> [Exercise details]: Print out the data exactly, keeping every image out of it.

> [Available data]:
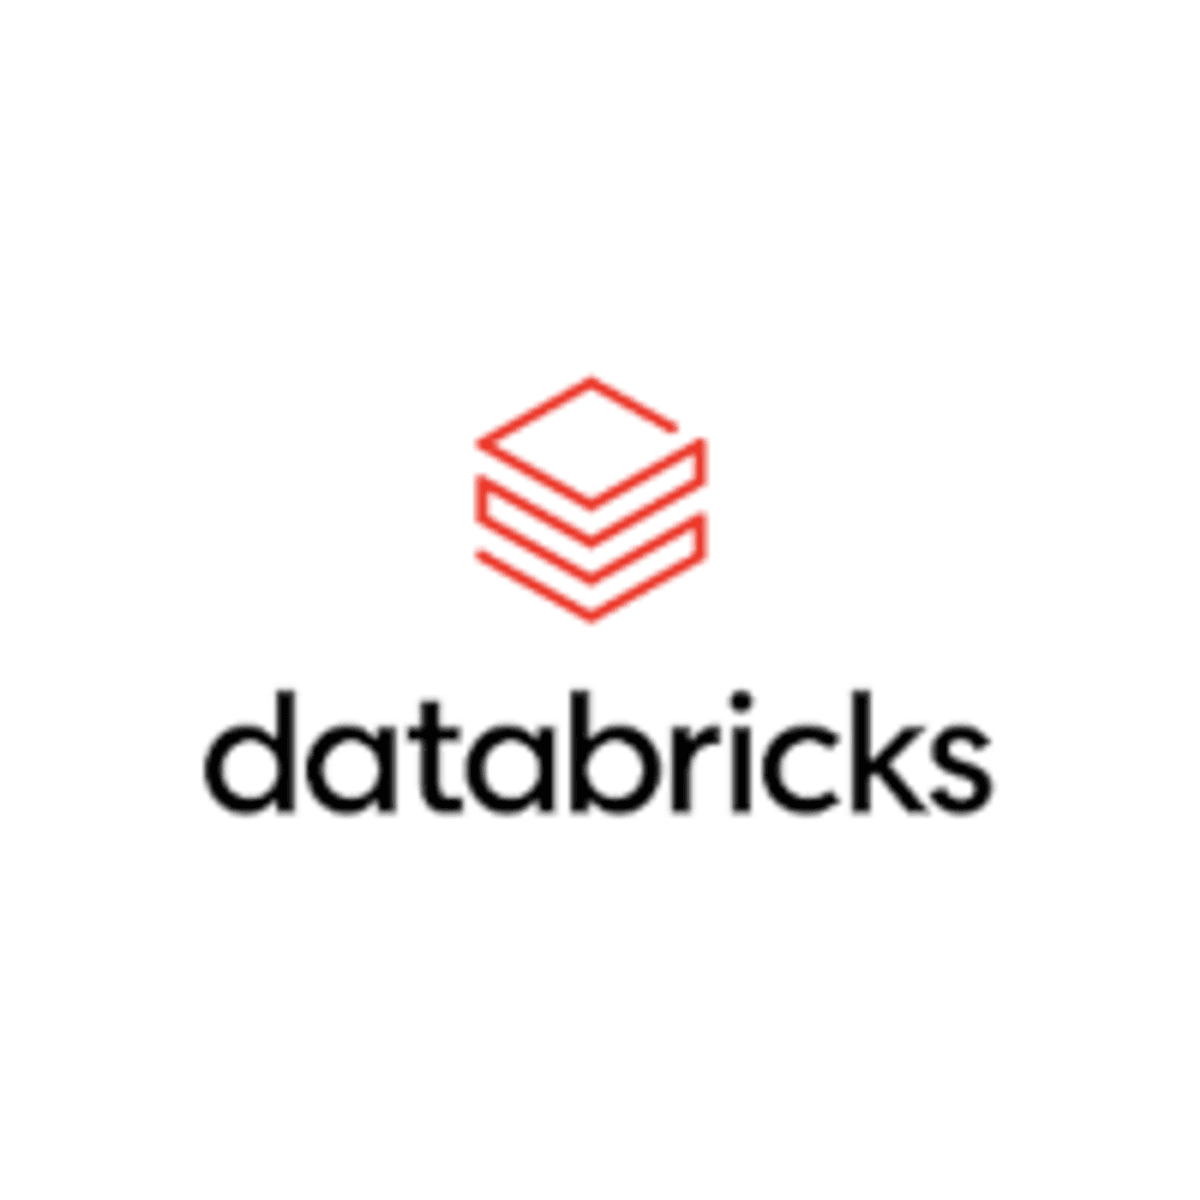 Databricks lanceert Delta Sharing protocol voor veilige datadeling image
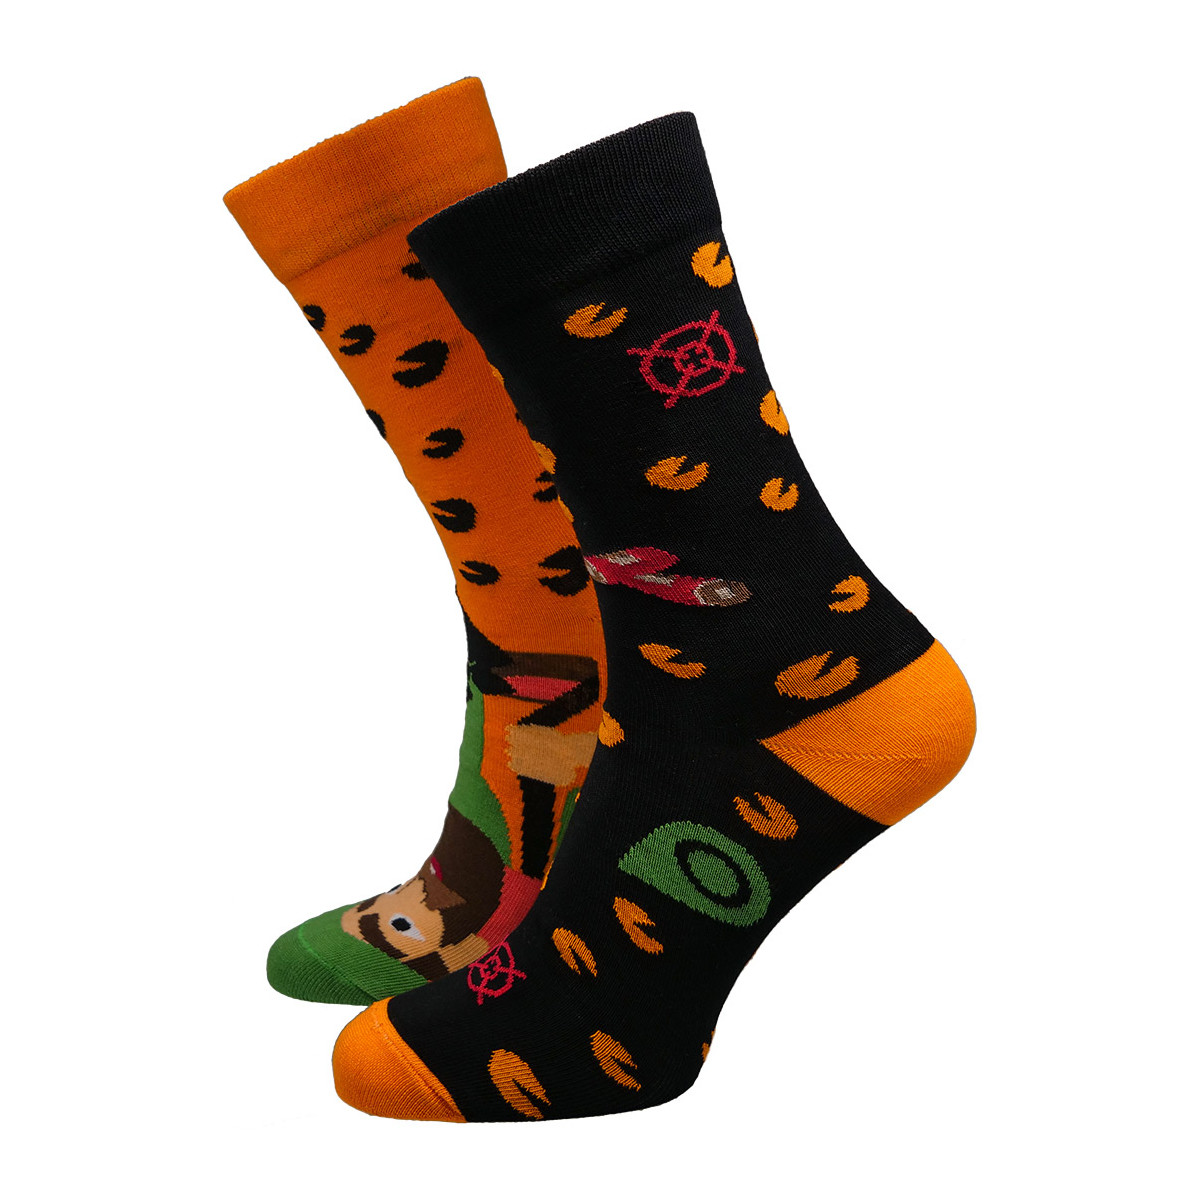 Doplňky  Doplňky k obuvi Hesty Socks unisex ponožky Hunter oranžovo-černé Černá/Oranžová
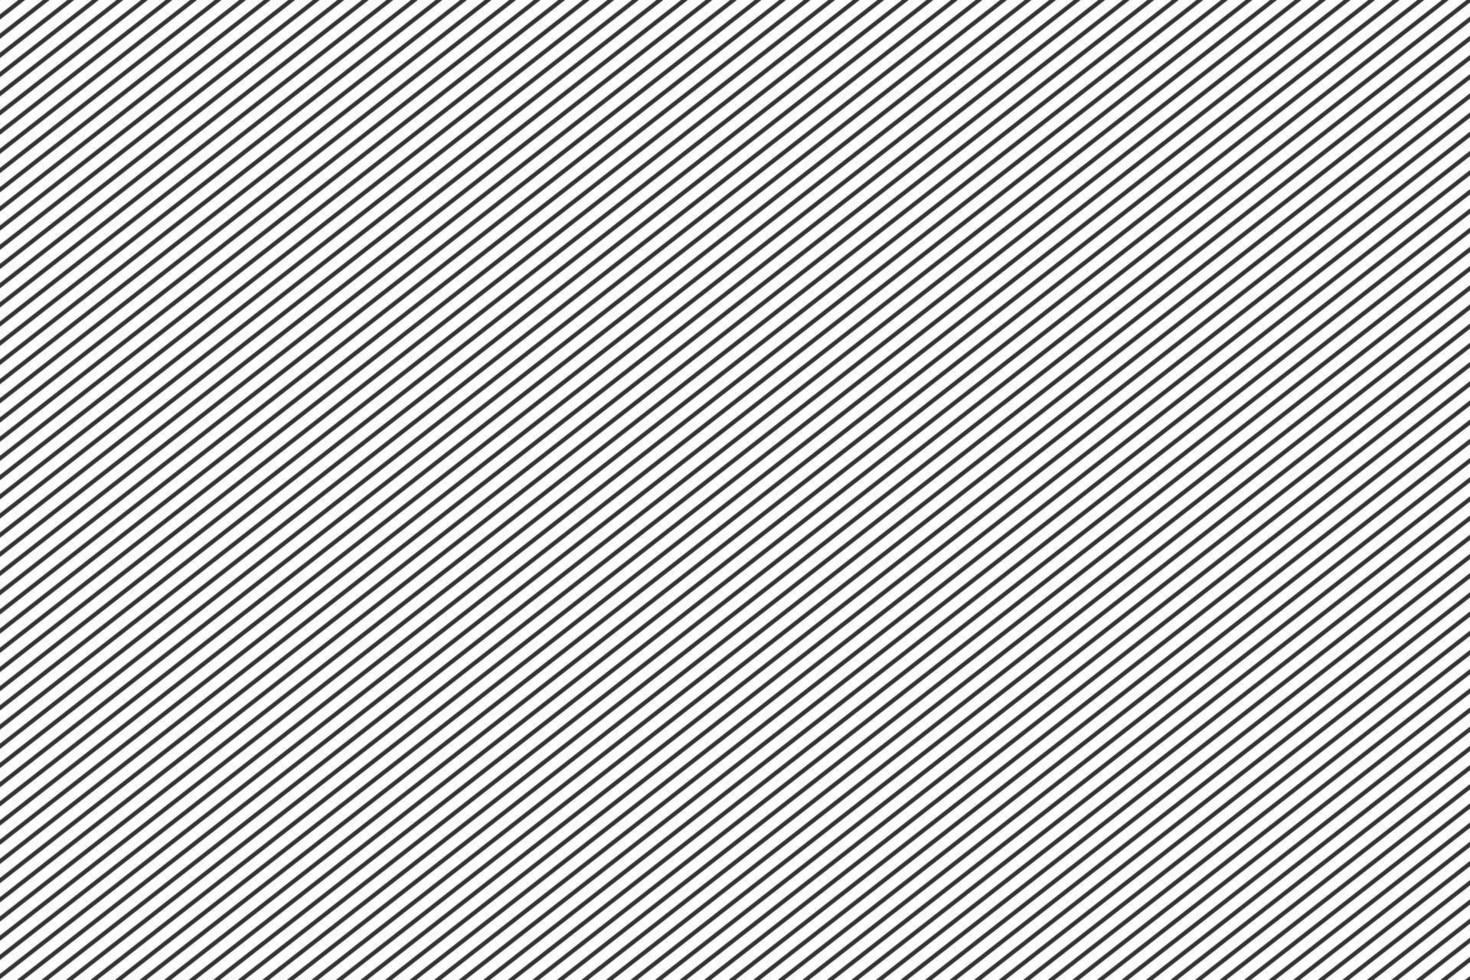 abstract zwart diagonaal streep lijnen patroon ontwerp. vector
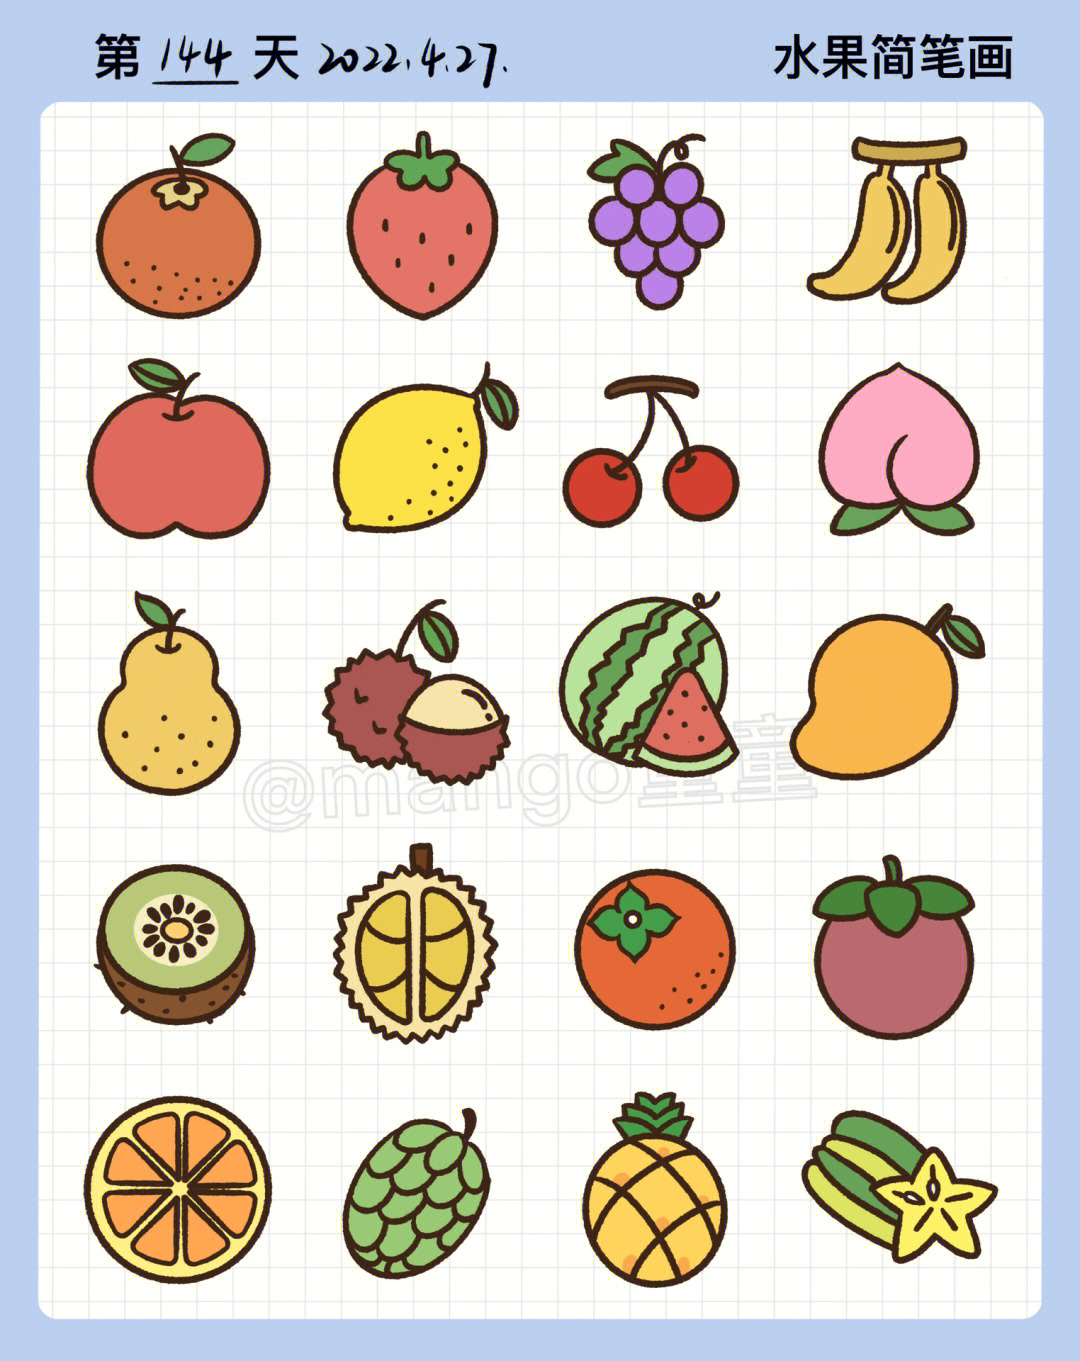 图片里面96今天更新的是各类水果简笔画素材99超级可爱简笔画素材

> [Response area]:
 Databricks lanceert Delta Sharing protocol voor veilige datadeling image
 Doplňky  Doplňky k obuvi Hesty Socks unisex ponožky Hunter oranžovo-černé Černá/Oranžová
 abstract zwart diagonaal streep lijnen patroon ontwerp. vector
 图片里面96今天更新的是各类水果简笔画素材99超级可爱简笔画素材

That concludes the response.